Why confidence was predictive of accuracy at the item level is still not clear. One possibility is that there are some specific and valid cues many people were using. One likely cue is grammar. We revised grammar errors in student essays that were picked up by a standard spell checker in which the corrections were obvious. However, we left ungrammatical writing that didn’t have obvious corrections (e.g., “That is being said, to be able to understand the concepts and materials being learned, and be able to produce comprehension.“). Many instructors noted that they used grammatical errors as cues that writing was generated by students. As one instructor remarked, “Undergraduates often have slight errors in grammar and tense or plurality agreement, and I have heard the chat bot works very well as an editor.” Similarly, another noted, “I looked for more complete, grammatical sentences. In my experience, Chat-GPT doesn’t use fragment sentences and is grammatically correct. Students are more likely to use incomplete sentences or have grammatical errors.” This raises methodological questions about what is the best comparison between AI and human writing. For example, it is unclear which grammatical mistakes should be corrected in student writing. Also of interest will be to examine the detectability of writing that is generated by AI and later edited by students, since many students will undoubtedly use AI in this way to complete their course assignments.

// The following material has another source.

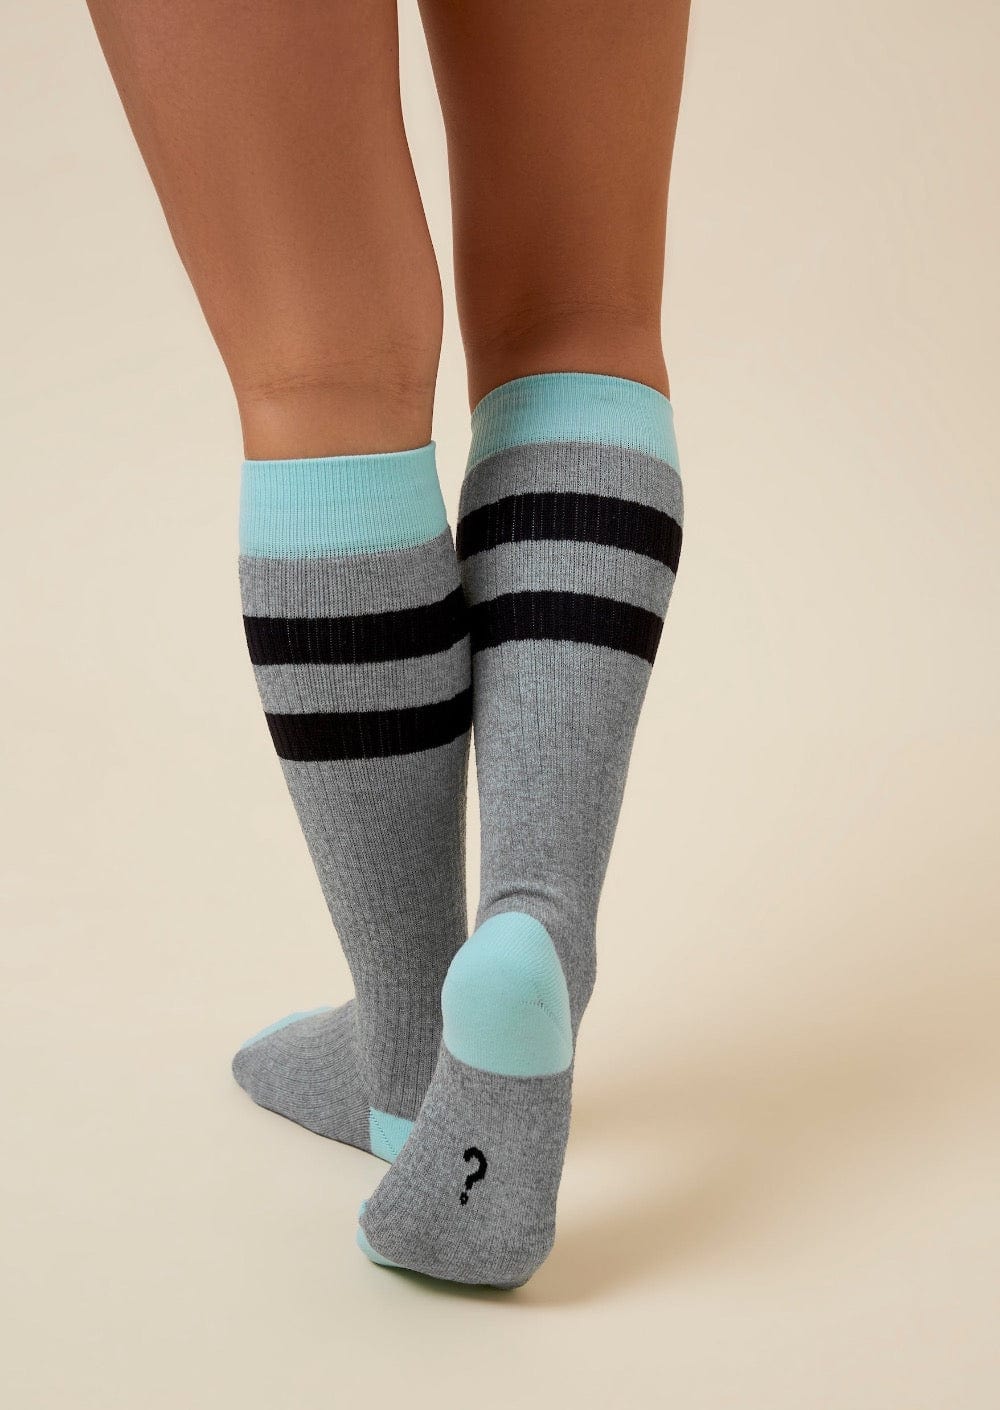 Thery Group Socks Grey Marle/Mint The Comforter Maternity Compression Sock back view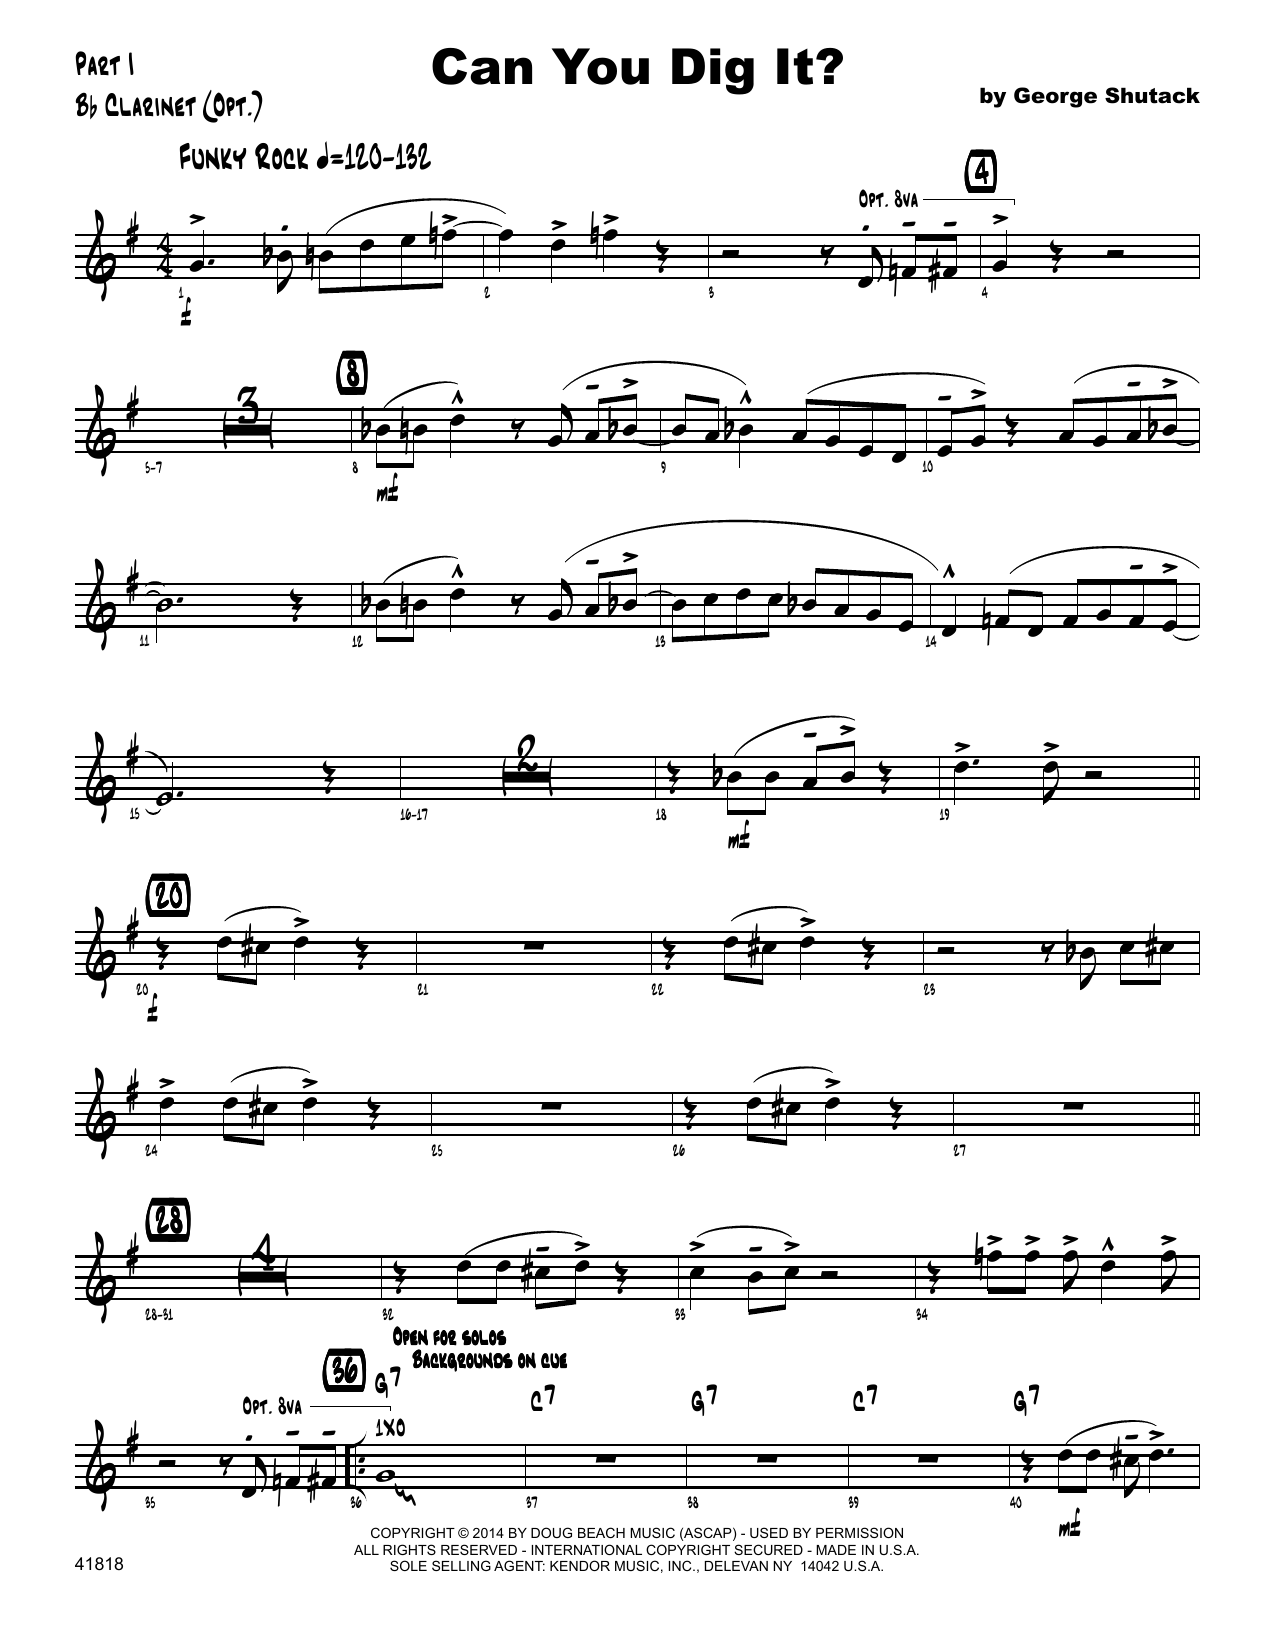 Download George Shutack Can You Dig It? - Bb Clarinet Sheet Music

We also found that student-written essays that earned higher grades (based on the scoring rubric for their class exam) were harder for instructors to differentiate from ChatGPT writing. This does not appear to be a simple effect of writing quality given that a separate measure of writing quality that did not account for content accuracy was not predictive. According to the class instructor, the higher-scoring essays tended to include more specific details, and this might have been what made them less distinguishable. Relatedly, it may be that the higher-scoring essays were harder to distinguish because they appeared to be generated by more competent-sounding writers, and it was clear from instructor comments that they generally viewed ChatGPT as highly competent.

Conclusion

The results of the present research validate concerns that have been raised about college instructors having difficulty distinguishing writing generated by ChatGPT from the writing of their students, and document that this is also true when students try to detect writing generated by ChatGPT. The results indicate that this issue is particularly pronounced when instructors evaluate high-scoring student essays. The results also indicate that ChatGPT itself performs no better than instructors at detecting ChatGPT-generated writing even though ChatGPT-reported confidence is much higher. These findings highlight the importance of examining current teaching and assessment practices and the potential challenges AI chatbots pose for academic integrity and ethics in education (Cotton et al. 2023; Eke 2023; Susnjak 2022). Further, the results show that both instructors and students have a mixture of apprehension and optimism about the use of AI in education, and that many are looking for guidance about how to ethically use it in ways that promote learning. Taken together, our findings underscore some of the challenges that need to be carefully navigated in order to minimize the risks and maximize the benefits of AI in education.